*WHAT THIS TASK INVOLVES*
Only the lines from the one with "TurtlePotHolderLilyshop2.jpg" through the last line of the data below are to be duplicated, exactly and without pictures.

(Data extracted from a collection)

Segment Open

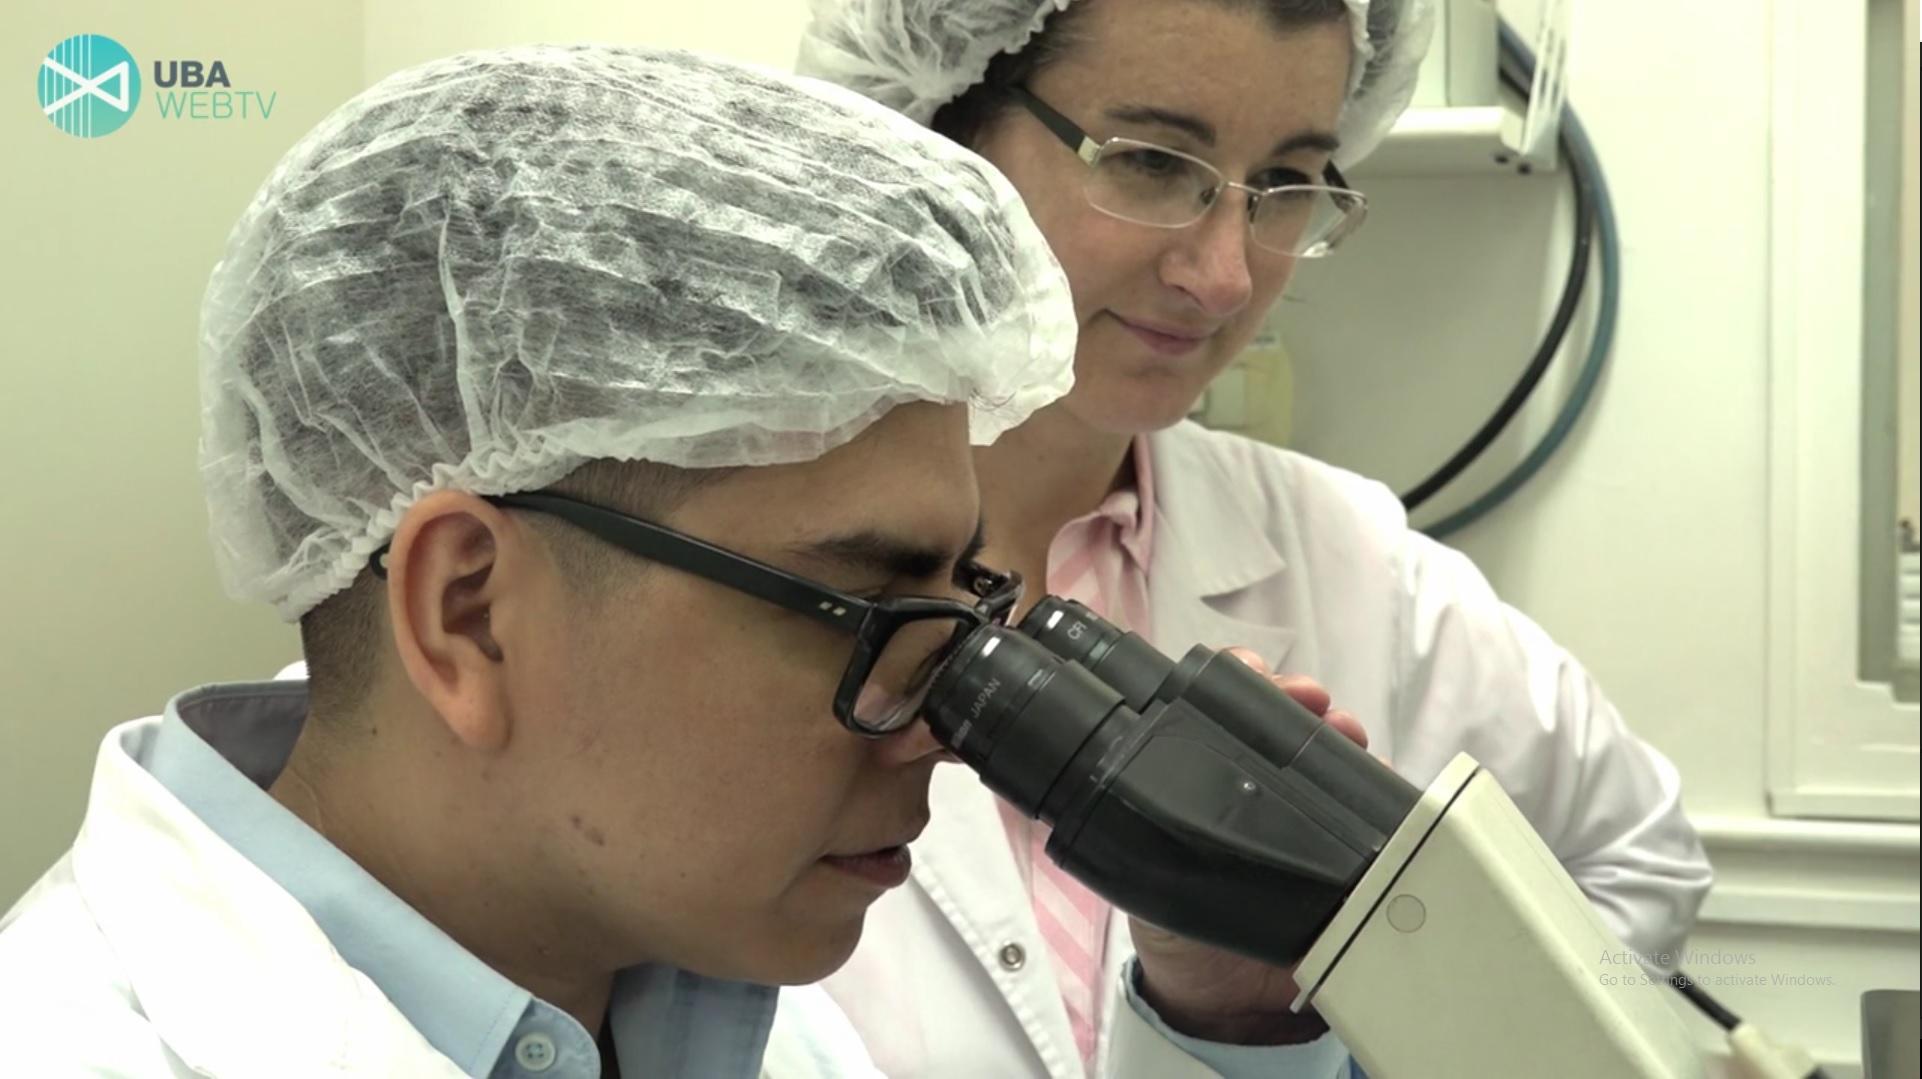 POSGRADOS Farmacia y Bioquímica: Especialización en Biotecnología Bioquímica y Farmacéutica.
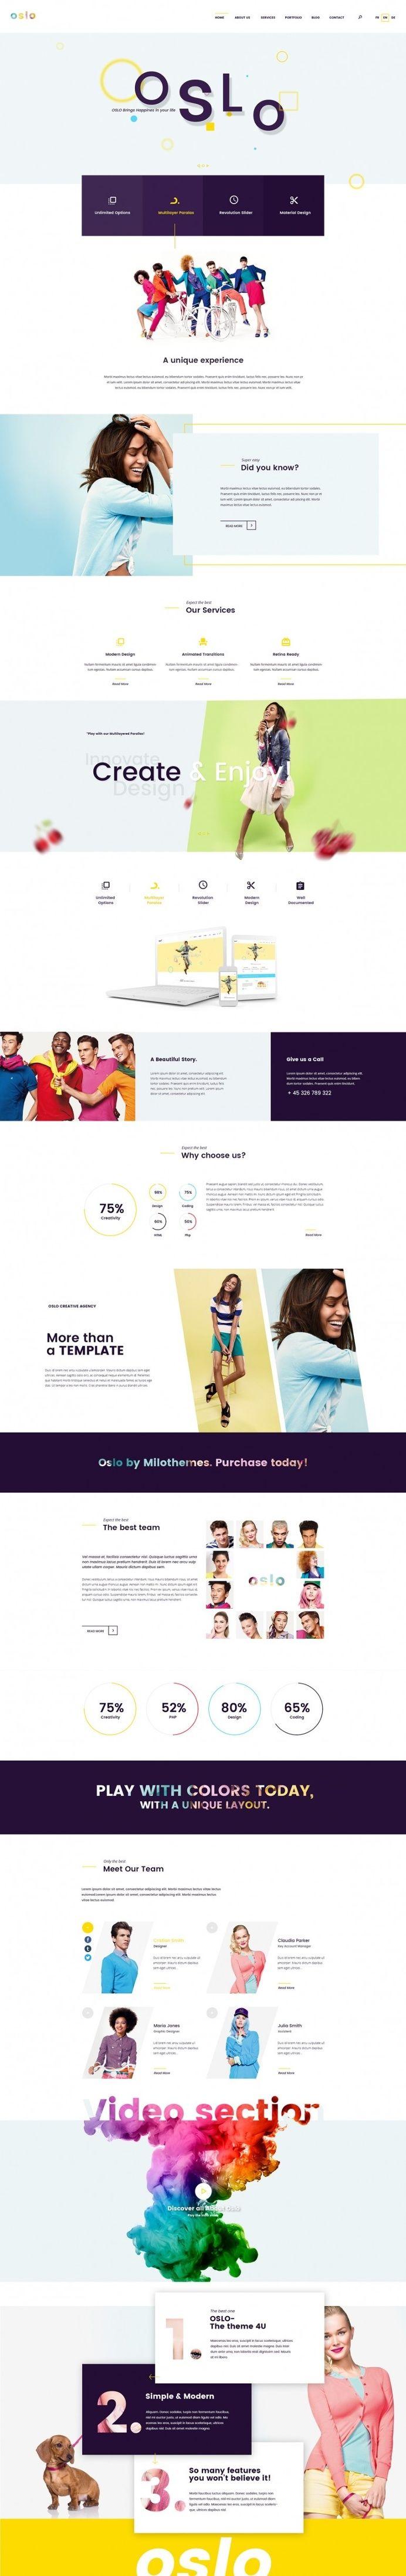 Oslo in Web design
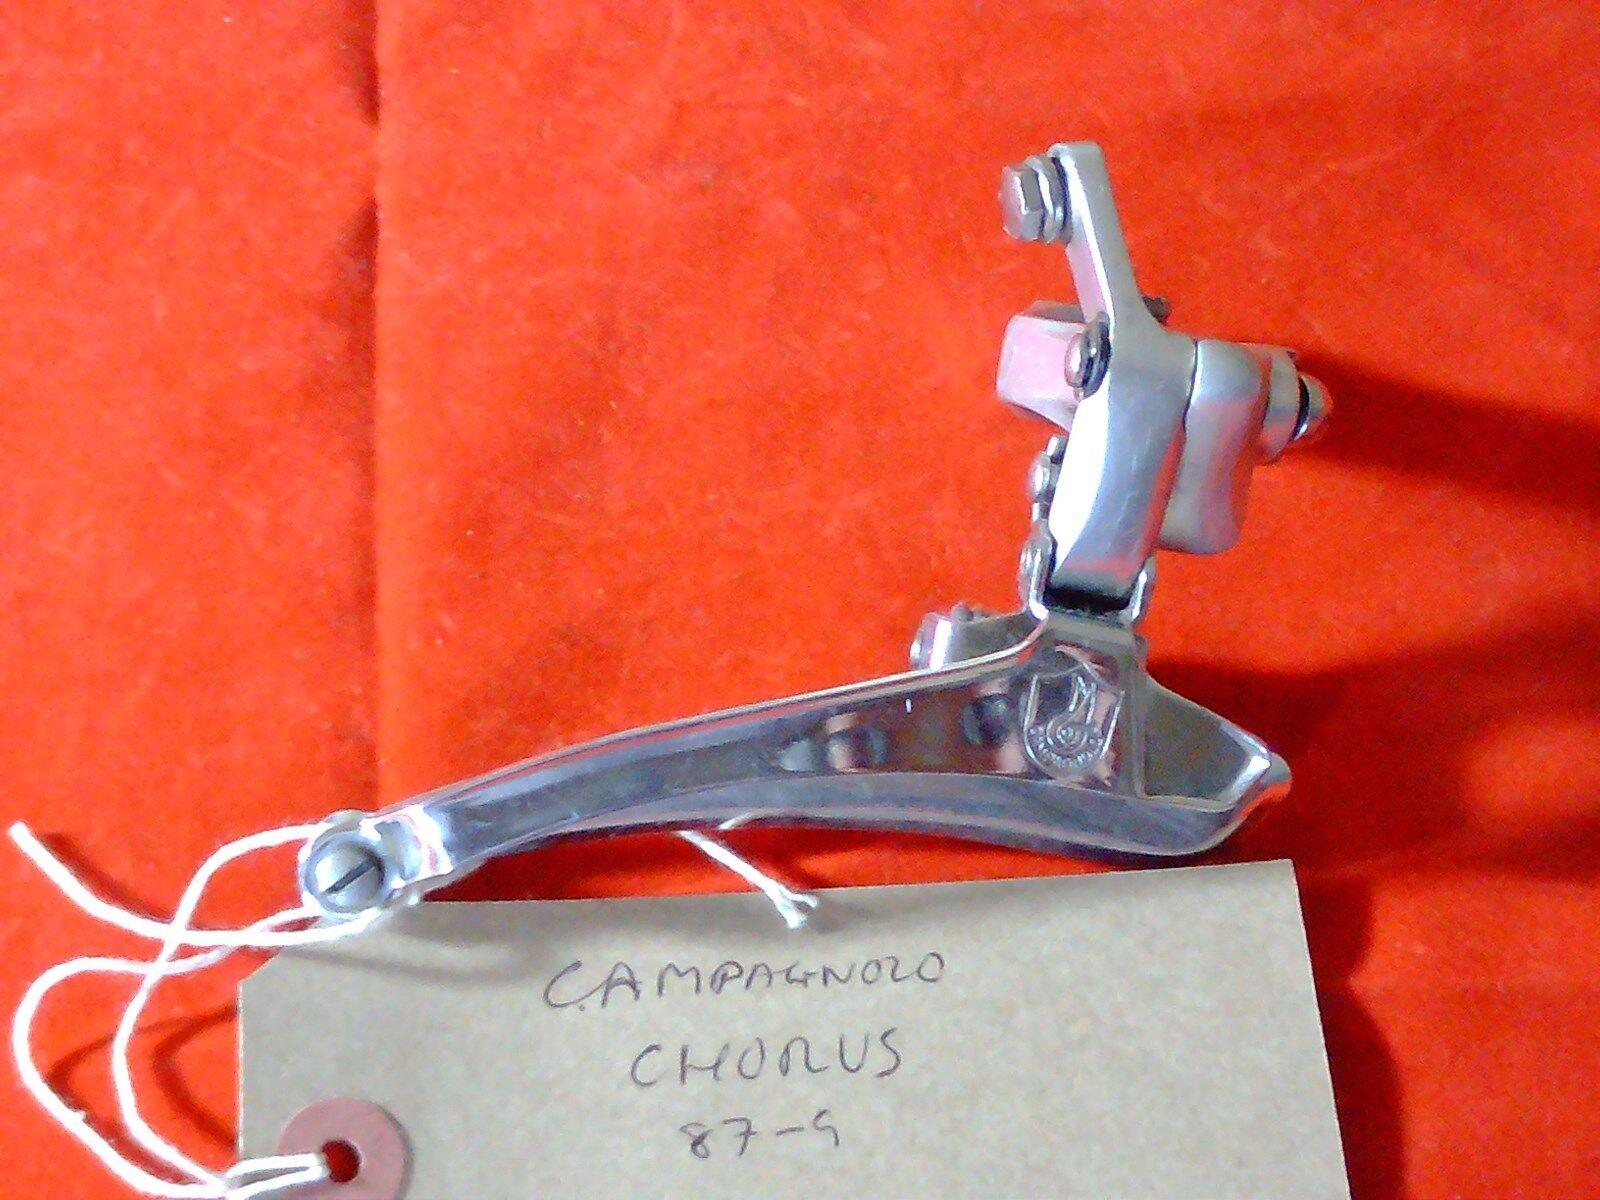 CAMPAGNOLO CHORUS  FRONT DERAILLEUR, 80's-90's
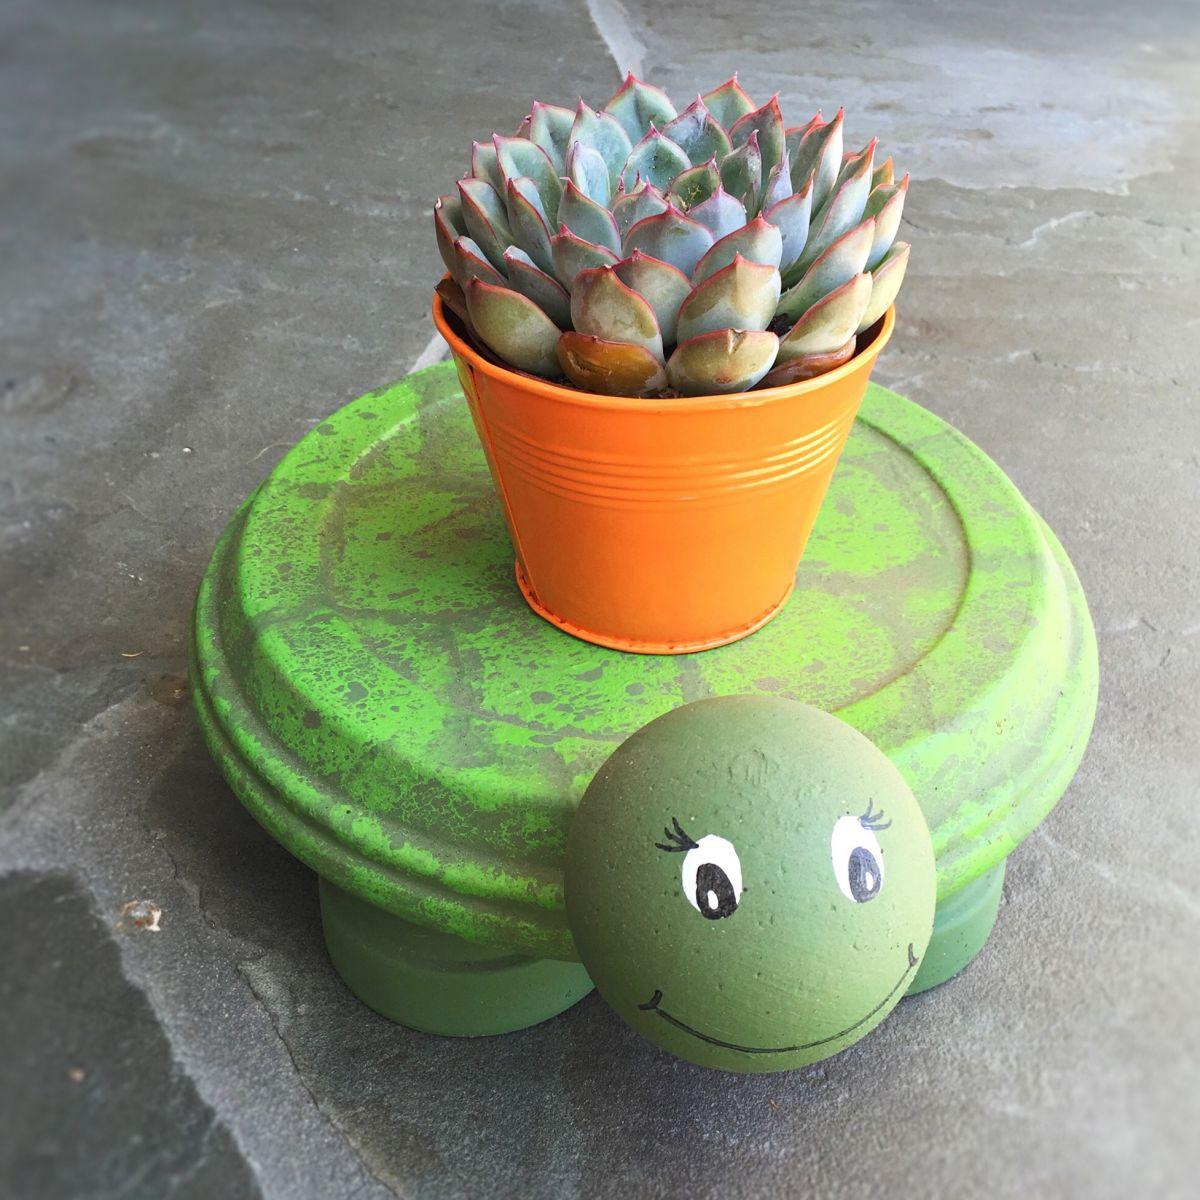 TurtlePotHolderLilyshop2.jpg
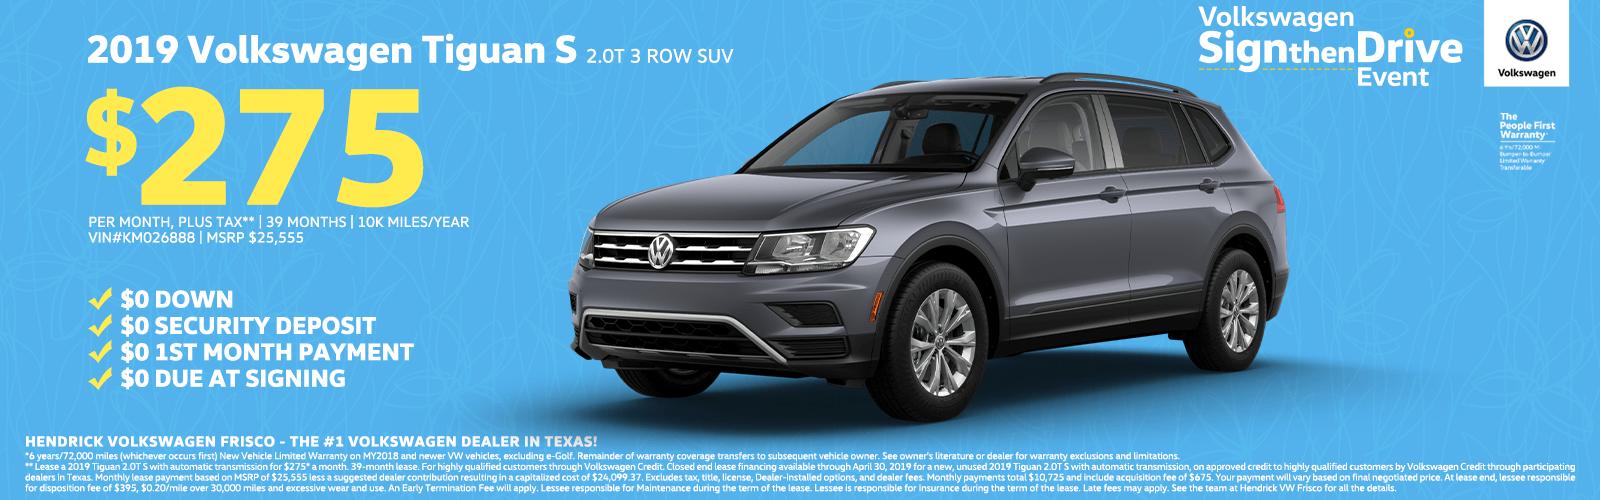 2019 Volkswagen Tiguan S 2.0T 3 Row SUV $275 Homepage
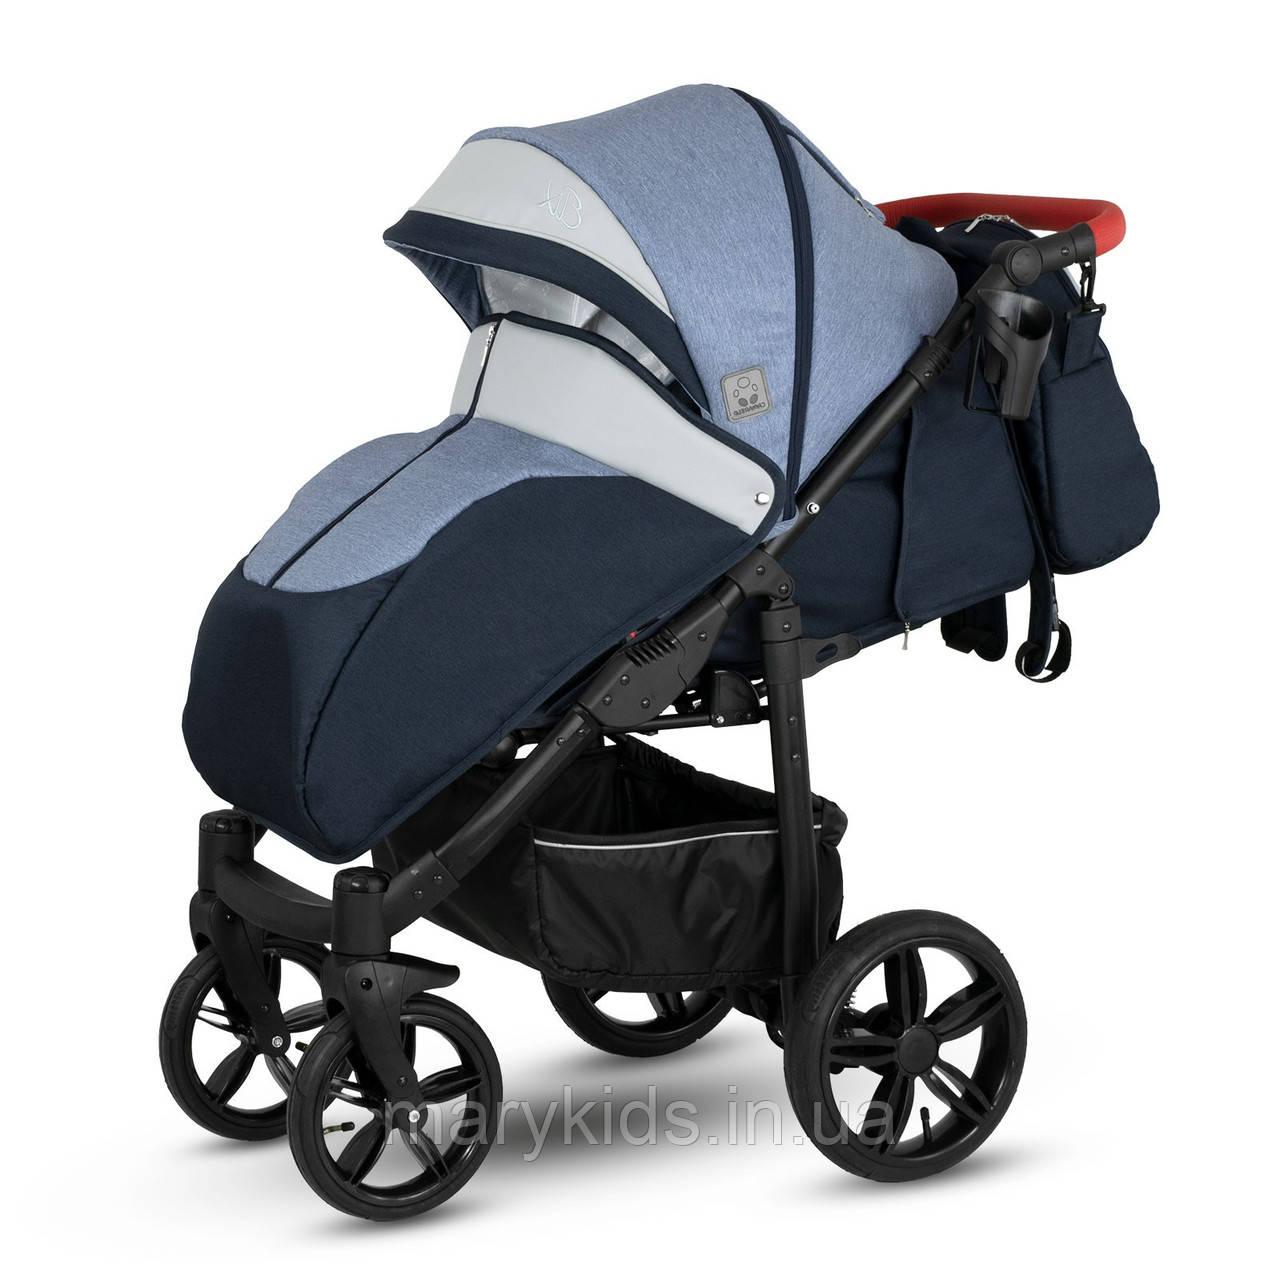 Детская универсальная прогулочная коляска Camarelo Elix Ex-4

Segment Closed

*WRITTEN REPLY*
 TurtlePotHolderLilyshop2.jpg
 2019 Volkswagen Tiguan S 2.0T 3 Row SUV $275 Homepage
 Детская универсальная прогулочная коляска Camarelo Elix Ex-4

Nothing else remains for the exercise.